She struck him in the face, and as I jumped for my rifle, which stood in the corner, the other man caught me by the collar. I do not know what would have happened, except that if I had got my gun I would certainly have shot the fellow who had kissed Peg. But at the moment when I was kicking my man's shins, and, I am afraid, calling him names which I had no business to know, and while Peg was thrusting the other fellow back and striking at him with all her strength, there came an unexpected interruption.
"What's up here?" said a voice from the door.
At that Peg's assailant let her go very suddenly, and I twisted loose from the grip that held me. Two strangers stood in the doorway. One was a short, small, oldish man with a short, gray beard and very blue, childlike eyes. The other was a man of about thirty, I should think, with a lean, hard face and red hair. His eyes, too, were blue, but there was nothing childlike in their expression. They put me in mind of fresh-cut ice, and his red brows were drawn down over them and his chin thrust out.
"He kissed Peg!" I cried.
"So that's it," said the red-haired man. "Nootka Charlie and Siwash George! Squaw men! Pah!" He made a face of disgust. "That stuff may go with the klootchmen, Nootka, but not with white girls—not while I'm around. Don't make no move for a gun now. What'll we do with 'm, Ike?"
"Well," said he of the childlike eyes, "you know I've allus said it'd come to a show-down one of these days."
"Let her come, then," said the black-haired man. "I dunno what you're talkin' about. Me and George never lifted that winter cache of yours, if that's what's stickin' in your crop."
"Never mind about the cache, Nootka," the red-haired man returned. "We can settle that—and some other things—later. But just now I'm goin' to give you a father of a lickin'—or you'll give me one. Come outside!"
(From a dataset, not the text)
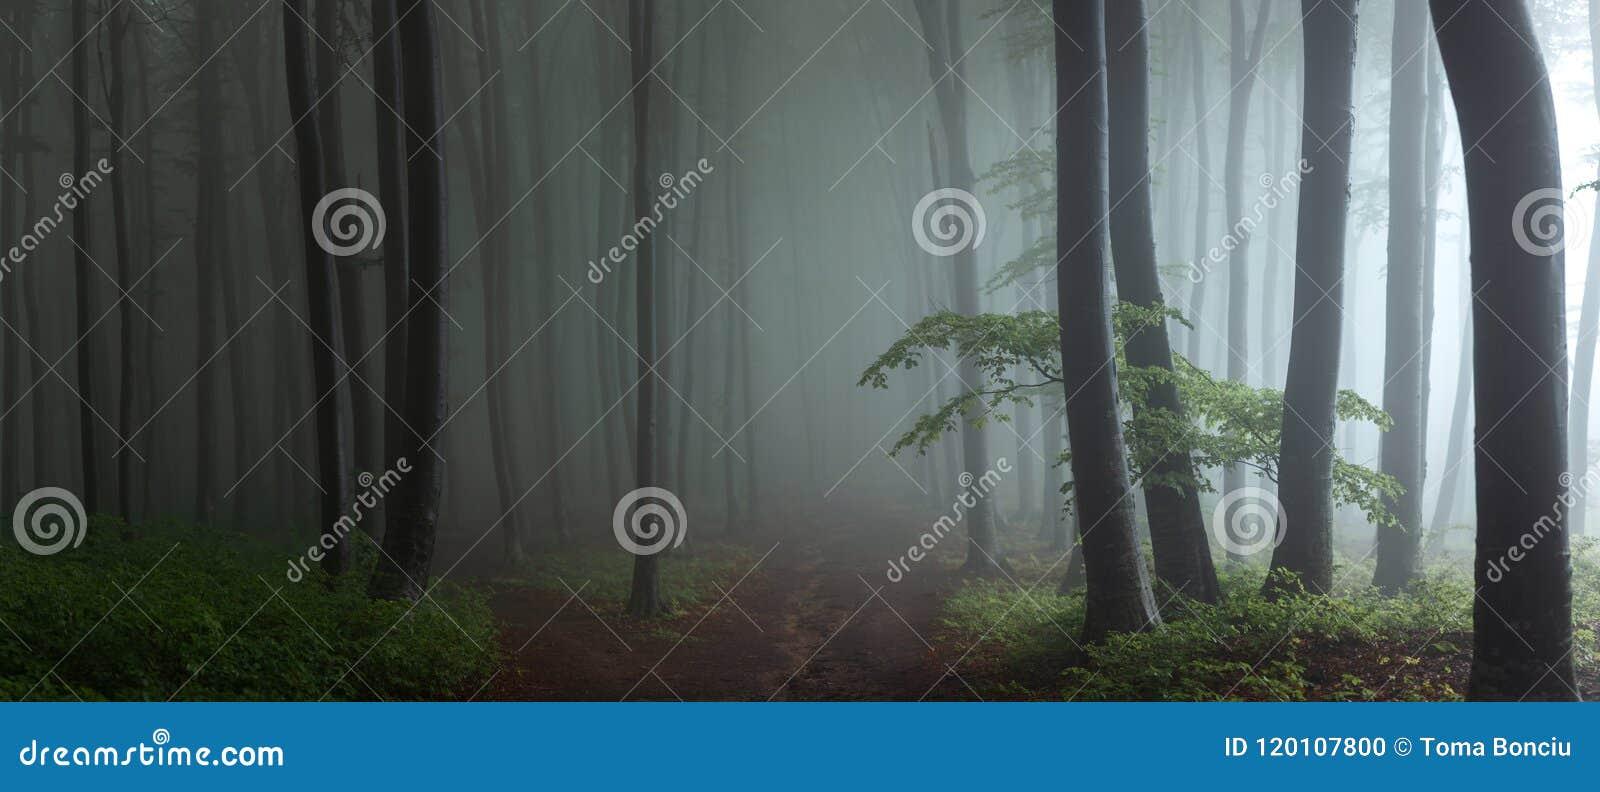 Panorama de madeiras de vista assustadores do conto de fadas nevoento da floresta no A M.

They fought down by the landing, and in the end Nootka Charlie took a bad trimming. His partner helped him into their canoe, and paddled off, while the red-haired man grinned after them from the bank. He himself was badly battered, but very cheerful. He washed himself in the river, and afterward came up to the house and eat the meal Peggy had prepared. His name, he told us, was Dinny Pack, and his partner's was Ike Toft. Peg made a fuss over his bruises, and I think that stampeded him, for as soon as the meal was over he said they must be going, and hurried away from her thanks.
Shortly after this episode, which I lived over and over, having conceived a vast admiration for red-haired Dinny Pack, we had two new neighbors who built a cabin on the river some four miles away. These were partners, named Tom Ballou and Louis Beef. Of course the latter's name was really "Lebœuf," but nobody called him that. He was a tremendously thickset man, but not fat. His chest arched out like the belly of a wind-hardened sail, and it was covered with a veritable undergrowth of black hair, plainly visible, for he wore his shirt open save in the coldest weather. He had a big head covered with curling black hair like the front of a bull, and big, fierce, terrifying, black eyes. He must have been nearly fifty years old, but in spite of that and his fierce eyes he was as playful and mischievous as a bear cub. Also he was very strong and active.
Tom Ballou was some years older than Louis. Beef—a tall man with a great, hooky nose and a gray beard which reached nearly to his waist. He reminded me of the pictures of the old prophets in our big Bible; only he chewed tobacco, which rather spoiled the likeness.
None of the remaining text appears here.